_ABOUT THIS EXERCISE_: Go to the line in the entries below that holds "Latico Dianne Leather" and repeat exactly from there through the line that holds "Beautiful country villa", inclusive.

_AVAILABLE DATA_:
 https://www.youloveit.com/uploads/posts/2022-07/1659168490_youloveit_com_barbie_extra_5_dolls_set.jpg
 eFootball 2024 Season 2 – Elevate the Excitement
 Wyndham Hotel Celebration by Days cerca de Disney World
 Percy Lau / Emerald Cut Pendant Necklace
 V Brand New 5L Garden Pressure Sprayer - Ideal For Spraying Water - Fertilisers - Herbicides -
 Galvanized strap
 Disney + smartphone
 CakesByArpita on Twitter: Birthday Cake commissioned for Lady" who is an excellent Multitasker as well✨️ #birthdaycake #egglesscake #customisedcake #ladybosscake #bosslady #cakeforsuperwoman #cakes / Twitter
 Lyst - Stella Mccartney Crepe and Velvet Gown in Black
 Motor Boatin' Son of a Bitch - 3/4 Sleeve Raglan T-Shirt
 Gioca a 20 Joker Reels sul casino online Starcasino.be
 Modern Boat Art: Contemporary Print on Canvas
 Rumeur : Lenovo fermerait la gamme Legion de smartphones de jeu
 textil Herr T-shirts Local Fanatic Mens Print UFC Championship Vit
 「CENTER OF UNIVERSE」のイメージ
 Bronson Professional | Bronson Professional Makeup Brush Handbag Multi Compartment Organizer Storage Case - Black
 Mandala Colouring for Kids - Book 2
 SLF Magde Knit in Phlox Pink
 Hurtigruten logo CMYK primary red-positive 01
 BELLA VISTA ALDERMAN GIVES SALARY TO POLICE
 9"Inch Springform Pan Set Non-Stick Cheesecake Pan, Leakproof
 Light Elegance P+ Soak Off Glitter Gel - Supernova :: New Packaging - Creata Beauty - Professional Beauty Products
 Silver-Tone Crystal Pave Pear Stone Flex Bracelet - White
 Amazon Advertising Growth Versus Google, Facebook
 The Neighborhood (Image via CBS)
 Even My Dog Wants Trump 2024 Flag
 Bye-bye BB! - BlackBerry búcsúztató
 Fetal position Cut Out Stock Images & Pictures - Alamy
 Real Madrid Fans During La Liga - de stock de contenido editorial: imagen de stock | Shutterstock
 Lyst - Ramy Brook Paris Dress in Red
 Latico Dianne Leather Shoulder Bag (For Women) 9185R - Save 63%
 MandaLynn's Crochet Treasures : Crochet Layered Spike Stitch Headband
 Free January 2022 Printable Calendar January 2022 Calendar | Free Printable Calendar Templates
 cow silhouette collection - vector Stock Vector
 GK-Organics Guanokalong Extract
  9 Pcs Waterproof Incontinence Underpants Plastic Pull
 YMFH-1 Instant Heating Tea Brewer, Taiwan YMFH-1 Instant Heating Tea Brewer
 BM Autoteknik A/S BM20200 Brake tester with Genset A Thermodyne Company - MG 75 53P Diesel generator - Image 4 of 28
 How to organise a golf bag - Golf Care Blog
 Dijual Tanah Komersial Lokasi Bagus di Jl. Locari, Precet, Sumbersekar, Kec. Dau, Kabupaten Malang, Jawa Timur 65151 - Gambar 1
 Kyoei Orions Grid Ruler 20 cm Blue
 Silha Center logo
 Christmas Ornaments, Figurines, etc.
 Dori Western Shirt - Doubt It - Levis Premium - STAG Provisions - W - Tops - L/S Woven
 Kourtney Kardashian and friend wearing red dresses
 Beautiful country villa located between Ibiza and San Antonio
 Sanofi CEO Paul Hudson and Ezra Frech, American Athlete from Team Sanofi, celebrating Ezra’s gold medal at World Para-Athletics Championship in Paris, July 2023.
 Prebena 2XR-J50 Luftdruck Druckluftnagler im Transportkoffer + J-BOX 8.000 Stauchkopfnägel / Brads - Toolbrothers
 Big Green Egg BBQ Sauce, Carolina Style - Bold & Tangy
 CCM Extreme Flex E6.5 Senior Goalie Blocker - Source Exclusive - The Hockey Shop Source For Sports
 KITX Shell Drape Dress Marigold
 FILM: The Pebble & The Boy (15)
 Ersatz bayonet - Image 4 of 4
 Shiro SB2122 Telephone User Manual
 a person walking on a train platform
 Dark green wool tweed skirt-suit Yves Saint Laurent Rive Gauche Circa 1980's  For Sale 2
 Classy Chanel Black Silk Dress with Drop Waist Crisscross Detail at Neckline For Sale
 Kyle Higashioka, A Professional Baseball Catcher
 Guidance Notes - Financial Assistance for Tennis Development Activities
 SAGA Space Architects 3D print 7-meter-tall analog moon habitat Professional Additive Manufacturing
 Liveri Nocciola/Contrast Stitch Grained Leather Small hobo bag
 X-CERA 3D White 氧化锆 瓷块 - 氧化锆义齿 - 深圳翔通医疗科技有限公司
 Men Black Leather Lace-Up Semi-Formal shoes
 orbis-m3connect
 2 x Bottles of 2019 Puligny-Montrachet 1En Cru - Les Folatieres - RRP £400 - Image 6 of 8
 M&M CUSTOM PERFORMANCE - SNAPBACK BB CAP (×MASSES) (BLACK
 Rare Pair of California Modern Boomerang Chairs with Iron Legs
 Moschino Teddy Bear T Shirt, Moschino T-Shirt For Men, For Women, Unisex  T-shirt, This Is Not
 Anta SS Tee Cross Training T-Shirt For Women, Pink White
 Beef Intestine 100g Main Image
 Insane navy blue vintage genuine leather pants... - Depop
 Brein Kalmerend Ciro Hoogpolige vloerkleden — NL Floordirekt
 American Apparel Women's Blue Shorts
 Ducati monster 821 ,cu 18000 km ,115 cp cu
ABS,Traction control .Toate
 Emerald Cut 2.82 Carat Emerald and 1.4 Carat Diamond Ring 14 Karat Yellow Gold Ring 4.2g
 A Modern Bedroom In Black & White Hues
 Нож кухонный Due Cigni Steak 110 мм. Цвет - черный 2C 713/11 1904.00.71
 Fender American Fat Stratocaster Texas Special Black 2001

_RESPONSE TO THE TASK_:
 Latico Dianne Leather Shoulder Bag (For Women) 9185R - Save 63%
 MandaLynn's Crochet Treasures : Crochet Layered Spike Stitch Headband
 Free January 2022 Printable Calendar January 2022 Calendar | Free Printable Calendar Templates
 cow silhouette collection - vector Stock Vector
 GK-Organics Guanokalong Extract
  9 Pcs Waterproof Incontinence Underpants Plastic Pull
 YMFH-1 Instant Heating Tea Brewer, Taiwan YMFH-1 Instant Heating Tea Brewer
 BM Autoteknik A/S BM20200 Brake tester with Genset A Thermodyne Company - MG 75 53P Diesel generator - Image 4 of 28
 How to organise a golf bag - Golf Care Blog
 Dijual Tanah Komersial Lokasi Bagus di Jl. Locari, Precet, Sumbersekar, Kec. Dau, Kabupaten Malang, Jawa Timur 65151 - Gambar 1
 Kyoei Orions Grid Ruler 20 cm Blue
 Silha Center logo
 Christmas Ornaments, Figurines, etc.
 Dori Western Shirt - Doubt It - Levis Premium - STAG Provisions - W - Tops - L/S Woven
 Kourtney Kardashian and friend wearing red dresses
 Beautiful country villa located between Ibiza and San Antonio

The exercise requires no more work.